Provided records |
------------------------------------------------------------------------
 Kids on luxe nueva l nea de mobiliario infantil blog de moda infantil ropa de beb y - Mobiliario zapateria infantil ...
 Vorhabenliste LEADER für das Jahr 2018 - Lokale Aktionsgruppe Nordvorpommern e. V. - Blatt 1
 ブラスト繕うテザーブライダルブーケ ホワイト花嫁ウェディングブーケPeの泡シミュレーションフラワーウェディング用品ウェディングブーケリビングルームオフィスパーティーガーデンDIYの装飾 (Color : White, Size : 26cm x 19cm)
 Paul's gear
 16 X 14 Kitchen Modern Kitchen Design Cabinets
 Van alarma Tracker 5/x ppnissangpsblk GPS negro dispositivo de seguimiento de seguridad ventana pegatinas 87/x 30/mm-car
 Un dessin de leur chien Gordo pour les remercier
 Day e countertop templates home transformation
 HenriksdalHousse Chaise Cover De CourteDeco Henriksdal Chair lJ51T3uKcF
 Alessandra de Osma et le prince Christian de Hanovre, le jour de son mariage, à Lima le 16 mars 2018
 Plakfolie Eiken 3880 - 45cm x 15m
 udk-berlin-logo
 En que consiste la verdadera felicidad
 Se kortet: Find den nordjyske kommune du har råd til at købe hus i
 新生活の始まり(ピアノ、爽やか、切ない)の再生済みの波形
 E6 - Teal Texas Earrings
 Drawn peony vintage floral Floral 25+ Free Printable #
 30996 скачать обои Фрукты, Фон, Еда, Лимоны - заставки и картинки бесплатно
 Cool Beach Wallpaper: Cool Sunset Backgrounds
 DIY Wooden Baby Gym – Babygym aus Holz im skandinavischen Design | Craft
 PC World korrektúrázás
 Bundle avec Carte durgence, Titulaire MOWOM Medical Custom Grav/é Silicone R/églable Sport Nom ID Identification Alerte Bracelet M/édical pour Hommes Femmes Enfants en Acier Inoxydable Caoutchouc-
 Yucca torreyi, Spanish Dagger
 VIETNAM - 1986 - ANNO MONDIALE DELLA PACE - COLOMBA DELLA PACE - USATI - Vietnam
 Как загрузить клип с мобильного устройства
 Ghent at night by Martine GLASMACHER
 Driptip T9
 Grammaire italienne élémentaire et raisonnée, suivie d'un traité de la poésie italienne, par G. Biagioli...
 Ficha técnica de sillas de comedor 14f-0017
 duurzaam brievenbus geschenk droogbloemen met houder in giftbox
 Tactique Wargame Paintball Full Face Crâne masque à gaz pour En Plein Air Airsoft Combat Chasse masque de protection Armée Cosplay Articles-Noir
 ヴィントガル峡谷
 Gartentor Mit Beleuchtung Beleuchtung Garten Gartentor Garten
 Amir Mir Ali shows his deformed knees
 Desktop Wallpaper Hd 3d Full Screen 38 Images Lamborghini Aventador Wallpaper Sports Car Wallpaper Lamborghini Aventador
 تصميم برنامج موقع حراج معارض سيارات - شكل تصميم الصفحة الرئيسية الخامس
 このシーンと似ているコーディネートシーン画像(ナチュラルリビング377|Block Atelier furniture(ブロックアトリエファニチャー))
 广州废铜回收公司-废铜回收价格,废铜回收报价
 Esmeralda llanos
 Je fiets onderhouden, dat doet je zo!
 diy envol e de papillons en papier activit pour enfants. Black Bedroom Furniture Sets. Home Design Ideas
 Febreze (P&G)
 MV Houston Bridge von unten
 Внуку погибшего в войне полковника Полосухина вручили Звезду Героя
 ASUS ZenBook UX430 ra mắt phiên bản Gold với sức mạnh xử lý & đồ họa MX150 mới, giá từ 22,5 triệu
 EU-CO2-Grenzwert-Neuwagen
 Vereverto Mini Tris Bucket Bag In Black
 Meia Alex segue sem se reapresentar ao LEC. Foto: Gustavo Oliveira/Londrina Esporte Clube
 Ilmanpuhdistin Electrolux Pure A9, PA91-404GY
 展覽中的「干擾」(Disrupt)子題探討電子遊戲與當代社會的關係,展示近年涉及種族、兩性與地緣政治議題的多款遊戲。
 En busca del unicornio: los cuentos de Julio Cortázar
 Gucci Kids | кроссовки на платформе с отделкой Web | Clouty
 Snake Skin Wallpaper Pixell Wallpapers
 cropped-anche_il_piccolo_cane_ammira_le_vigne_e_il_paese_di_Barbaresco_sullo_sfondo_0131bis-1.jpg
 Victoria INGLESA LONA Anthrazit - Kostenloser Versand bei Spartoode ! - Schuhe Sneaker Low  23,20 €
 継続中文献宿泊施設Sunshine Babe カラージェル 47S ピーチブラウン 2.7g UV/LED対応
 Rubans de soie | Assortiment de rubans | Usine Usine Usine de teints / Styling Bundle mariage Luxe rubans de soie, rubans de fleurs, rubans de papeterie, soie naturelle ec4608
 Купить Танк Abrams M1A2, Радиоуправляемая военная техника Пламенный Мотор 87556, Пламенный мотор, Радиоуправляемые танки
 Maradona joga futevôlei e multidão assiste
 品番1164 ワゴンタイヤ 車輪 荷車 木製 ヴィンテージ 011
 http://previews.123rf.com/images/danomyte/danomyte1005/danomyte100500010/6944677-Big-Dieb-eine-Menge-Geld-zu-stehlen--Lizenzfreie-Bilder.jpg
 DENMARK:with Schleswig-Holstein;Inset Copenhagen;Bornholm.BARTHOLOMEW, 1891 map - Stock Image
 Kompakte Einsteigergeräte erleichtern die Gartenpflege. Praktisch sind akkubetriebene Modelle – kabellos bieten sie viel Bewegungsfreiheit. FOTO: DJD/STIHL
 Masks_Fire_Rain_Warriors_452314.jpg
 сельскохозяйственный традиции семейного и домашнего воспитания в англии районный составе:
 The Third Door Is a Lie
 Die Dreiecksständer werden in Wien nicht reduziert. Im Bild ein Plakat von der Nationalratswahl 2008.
------------------------------------------------------------------------
Task brief | From the listing above, the lines starting with the one that has "Gucci Kids |" and running through the one that has "The Third Door Is a Lie" should be copied exactly, ends included.

Answer |
 Gucci Kids | кроссовки на платформе с отделкой Web | Clouty
 Snake Skin Wallpaper Pixell Wallpapers
 cropped-anche_il_piccolo_cane_ammira_le_vigne_e_il_paese_di_Barbaresco_sullo_sfondo_0131bis-1.jpg
 Victoria INGLESA LONA Anthrazit - Kostenloser Versand bei Spartoode ! - Schuhe Sneaker Low  23,20 €
 継続中文献宿泊施設Sunshine Babe カラージェル 47S ピーチブラウン 2.7g UV/LED対応
 Rubans de soie | Assortiment de rubans | Usine Usine Usine de teints / Styling Bundle mariage Luxe rubans de soie, rubans de fleurs, rubans de papeterie, soie naturelle ec4608
 Купить Танк Abrams M1A2, Радиоуправляемая военная техника Пламенный Мотор 87556, Пламенный мотор, Радиоуправляемые танки
 Maradona joga futevôlei e multidão assiste
 品番1164 ワゴンタイヤ 車輪 荷車 木製 ヴィンテージ 011
 http://previews.123rf.com/images/danomyte/danomyte1005/danomyte100500010/6944677-Big-Dieb-eine-Menge-Geld-zu-stehlen--Lizenzfreie-Bilder.jpg
 DENMARK:with Schleswig-Holstein;Inset Copenhagen;Bornholm.BARTHOLOMEW, 1891 map - Stock Image
 Kompakte Einsteigergeräte erleichtern die Gartenpflege. Praktisch sind akkubetriebene Modelle – kabellos bieten sie viel Bewegungsfreiheit. FOTO: DJD/STIHL
 Masks_Fire_Rain_Warriors_452314.jpg
 сельскохозяйственный традиции семейного и домашнего воспитания в англии районный составе:
 The Third Door Is a Lie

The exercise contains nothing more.